Dans le domaine de la formation linguistique qui est celui de notre terrain de recherche,

Muriel Molinié, professeur à l’université Paris III en didactique d’appropriation du français,

propose les attributs suivants de ce que serait une compétence réflexive :

« savoir établir une relation d’empathie avec le « public » (donner, recevoir et rendre) ; se situer « au plus près de » la singularité des expériences apprenantes et formatives des acteurs ; se sentir concerné par la capacité des acteurs à se saisir de leur pouvoir d’action ; mettre en œuvre une écoute plurielle, attention portée à l’altérité et à la complexité ainsi qu’une co-construction du sens, des savoirs et des connaissances »

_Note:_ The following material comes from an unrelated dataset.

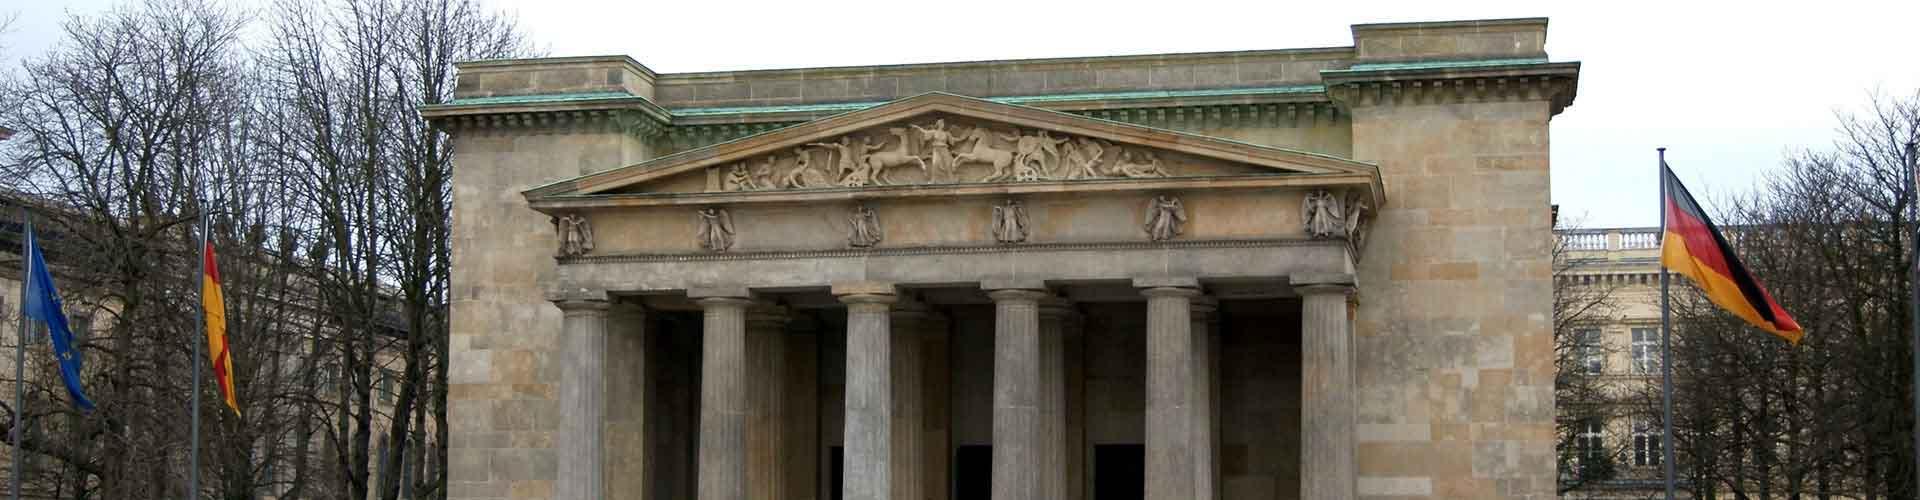 Berlim – Albergues próximos a Neue Wache e Zeughaus. Mapas para Berlim, Fotos e Avaliações para cada Albergue em Berlim.

Nous tenterons, lors de l’analyse des données de confronter nos propres résultats avec ces

aptitudes ici repérées. Si cette réintroduction du sujet réflexif semble indispensable dans le

domaine de la formation (celle des enseignants en particulier), elle se manifeste dans d’autres

sphères sociales également. C’est l’un des risques pointés par des chercheurs en sociologie ou

en sciences de l’éducation. Les démarches réflexives sont très diverses et leurs fonctions

également. La possibilité de revenir sur son expérience passée peut être instrumentalisée à des

fins sociales de contrôle des individus. C’est ce que rappelle Jean-Pierre Boutinet dans sa

contribution à l’ouvrage consacré aux « Pratiques réflexives ». Il évoque, à propos de

certaines situations, une forme d’injonction à la rétrospection (Guillaumin, Pesce, Denoyel,

2009, p. 7). Cette situation est à conserver en mémoire chez tout chercheur qui mobilise ces

démarches avec d’autres personnes, de façon à s’en distinguer par une qualité relationnelle

appuyée sur une éthique de la recherche laquelle doit laisser l’entière liberté au sujet de

contribuer ou non et aussi selon sa manière, toujours en co-construction donc. Ces démarches

appellent de la part du praticien réflexif l’élucidation de son habitus et le développement

peut-être d’une intelligence pratique.